Venkat is the founder and editor-in-chief of ribbonfarm. Follow him on Twitter

Comments

  1. Identify 100% with this. One aspect that has catalyzed this slide for me has been social media. It has devalued or dethrilled travel like nothing else. In a video-killed-the-radio-star sort of way. It has brought a wrecking ball to any sense of wonder or charm or naive excitement by making everything far too legible for it to be fun. It used to be that you traveled to a place with a sense of anticipation and hope, expecting to be delighted in unexpected ways. That frame of mind helped make light work of all the pain that came with the deal. Now, you go in knowing EXACTLY what you are going to get, and anything that goes even slightly sub-optimally or even just off script adds to the sense of pain and hassle, making an already lukewarm experience even more meh. Another aspect that may not be as universal but is a huge turn off for me personally is another consequence of social media: the number of low stakes, low traction tourists everywhere. That sucks any sense of character out of a place, especially places that would have counted as relatively obscure even a couple of decades ago. I hear how pretentious and near-elitist that sounds, but it is a bigger deal for me than I would want it to be lol.

    • Nature can heal.

      “Another aspect that may not be as universal but is a huge turn off for me personally is another consequence of social media: the number of low stakes, low traction tourists everywhere.”
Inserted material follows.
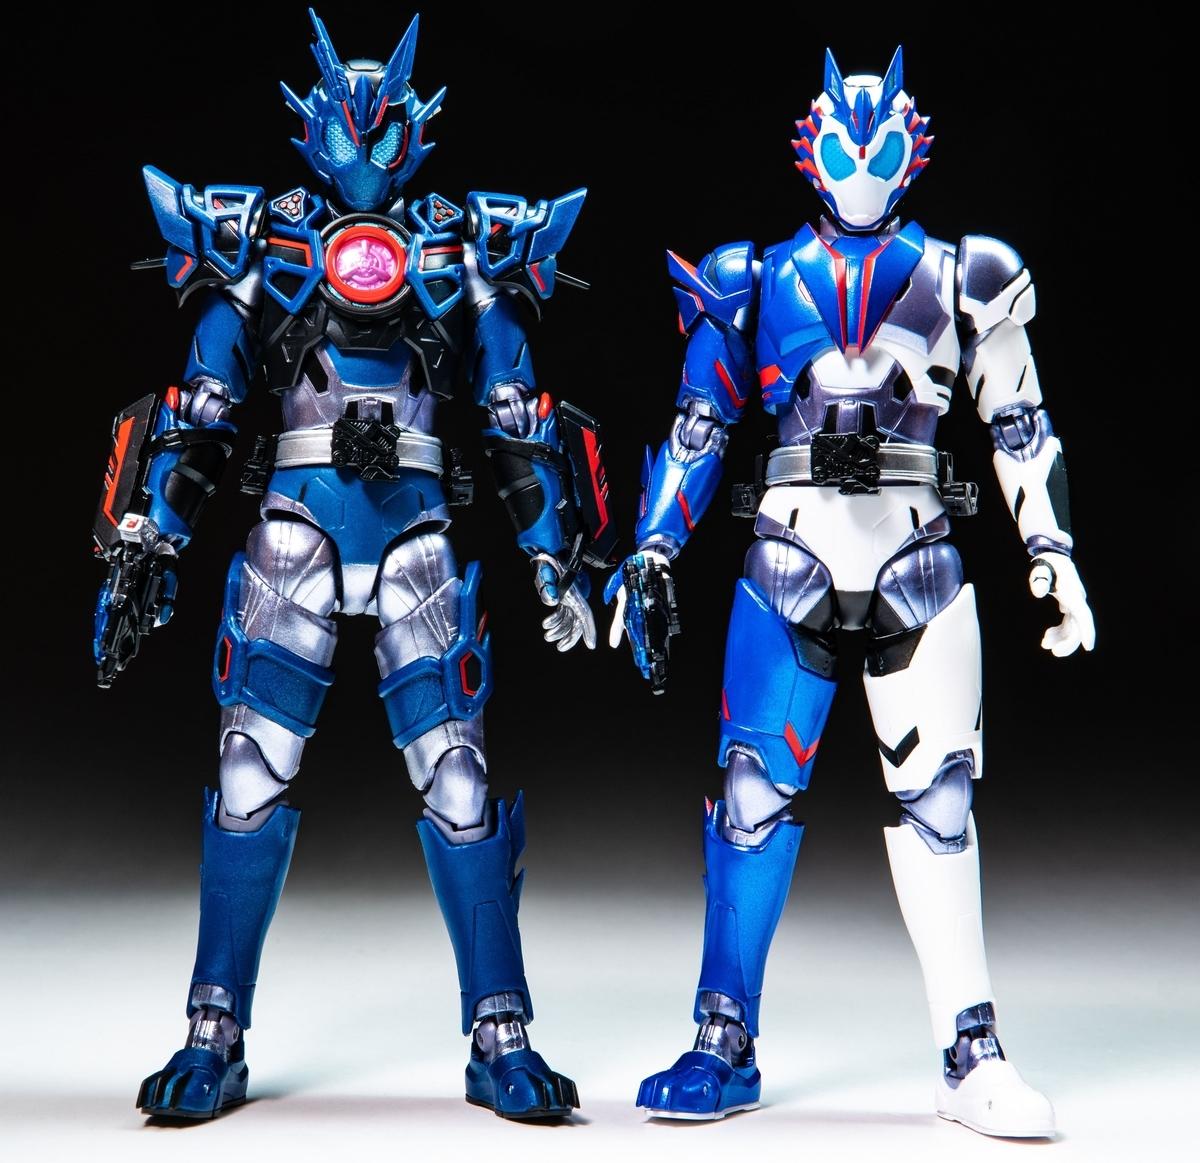 f:id:hiroban-ch:20201220000915j:plain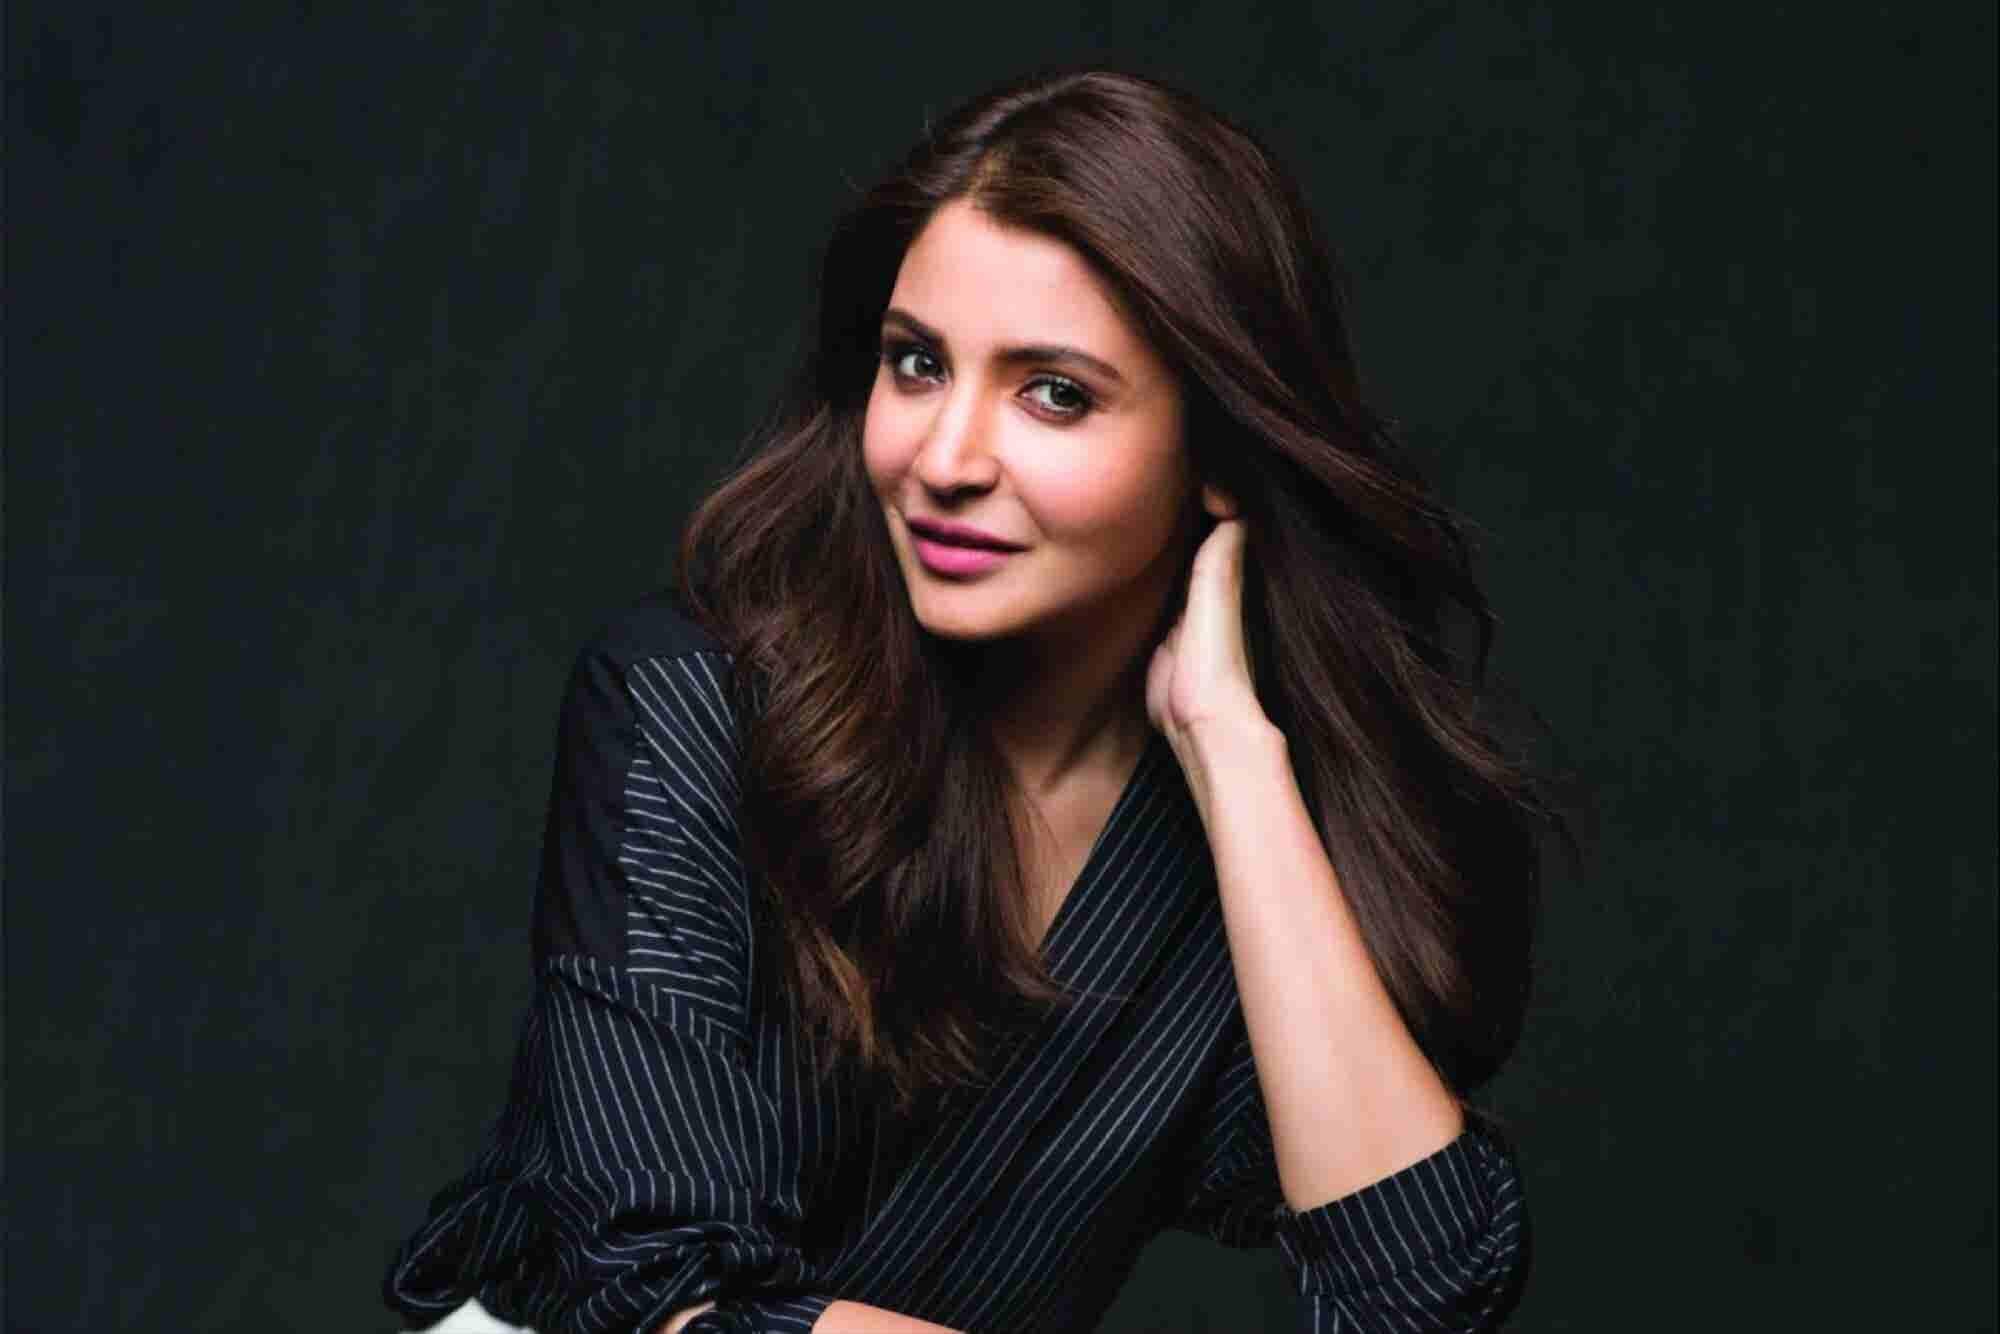 How Anushka Sharma is Making her Mark on-screen and Behind the Scenes

      They never leave social media anyway. These days one can even simulate a travel: just give a local a selfie stick, let them visit tourist sites and restaurants and then the AI replaces their image with a rendered image of yours. The perfect travel. It takes just one day and is so much cheaper! If this goes productive tourism might collapse since no one believes anyone that they have really traveled. One law of technology which has been explored at length through SciFi is that all human problems become ontological sooner or later.

  2. Honesty is interesting, even when it’s curmudgeonly. Thank you.

    • I vote for this to be comment of the year. Universally true, gracious, and the right counter-balance to the Redditors who, ad hominem, dismiss the truths within the article due to the attitude they disliked. That you correctly cast that attitude as curmudgeonly, a favorite word of mine and one not so distasteful as some suppose, only sweetens the ease of my nomination. That you kept your comment succinct, unlike mine, solidifies my endorsement.

  3. Chai and pakoras sound like a real treat… wading in foot high sewage mixed monsoon water agreed less so… May I recommend maybe more internal travel with the assistance of say a micro dose of psilocybin or a day long fast or other method to jump start the default neuronal net work? Walking the same route everyday one will be presented with new glories… no need to travel farther than your house to see something…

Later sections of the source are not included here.